Выбрать главу

Анаис, светлоокая дочь кузнеца из затерянной среди лавандовых полей провансальской деревни, улыбалась ему из наполненных слезами глаз Сибиллы Иерусалимской и подпевала своим чистым негромким голосом, слышимая лишь им одним.

Комментарий к Глава четырнадцатая

Бернарт де Вентадорн (ок. 1140 - ок. 1195) - трубадур из Прованса, состоял при дворе Алиеноры Аквитанской, один из наиболее ярких представителей куртуазного течения XII века.

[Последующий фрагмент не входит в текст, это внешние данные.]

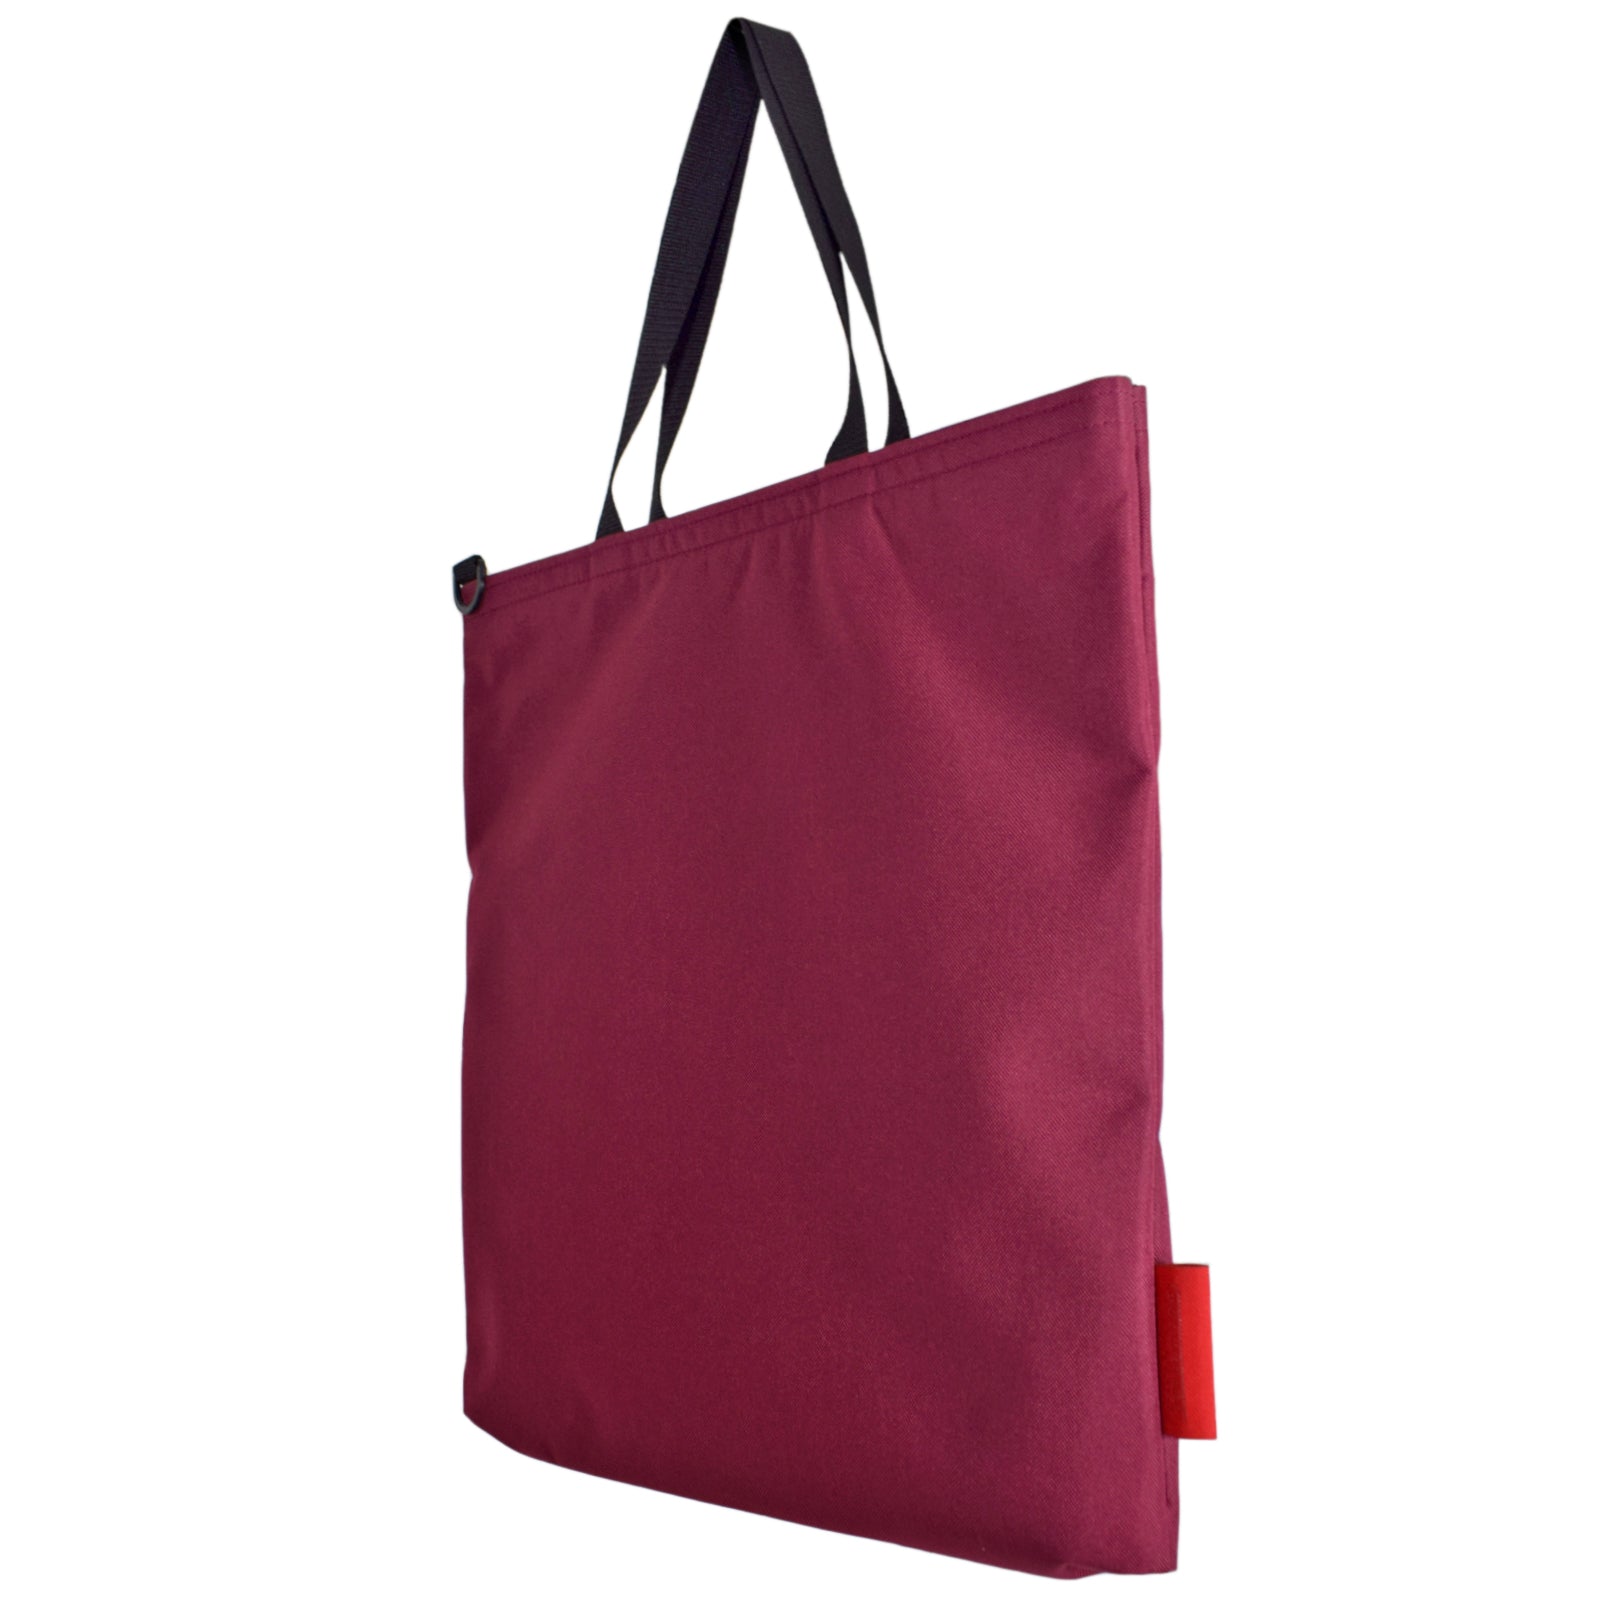 Burgundy tote bag with detachable shoulder strap

В тексте использованы отрывки из двух его кансон.

 

*отрывки из первого и пятого куплетов кансоны “Дни, мелькая, мчатся мимо”.

 

*кансона - средневековая песня на любовную или религиозную тематику.

 

*первый и второй куплеты кансоны “Нет, не вернусь я, милые друзья”.

 

*болотной лихорадкой в Средние Века называли малярию.

 

========== Глава пятнадцатая ==========

 

Мелкие окровавленные песчинки царапали кожу на щеках и подбородке, забивались в нос, не давая толком вздохнуть, и мерзко хрустели на зубах. Руки — неестественно чистые руки с гладкой белой кожей — тянулись к крестовидной рукояти меча, силясь протащить ослабленное тело хотя бы на несколько дюймов вперед.

Куда? Не спеши, глупец.

Спешить было уже поздно. Рыцари в длинных разноцветных сюрко, пронзенные стрелами и разрубленные саблями, один за другим валились на залитые алым и багровым барханы, а лишенные всадников лошади надрывно ржали, напуганные шумом и запахом крови.

Тебе больше некуда бежать.

Всадники в повязанных поверх конических шлемов тюрбанах с улюлюканьем налетали на пехотинцев, рубя головы на скаку, и растягивали губы в кровожадных гримасах, стряхивая с изогнутых лезвий крупные капли крови.

Больше некуда идти.

Огромные золоченые кресты с глухим ударом падали с храмовых крыш, раскалывая камни в мостовых. Знамя Иерусалима лежало в пыли, окропленное чьей-то кровью, и та медленно расплывалась темно-красными, почти черными пятнами на гладком белоснежном шелке.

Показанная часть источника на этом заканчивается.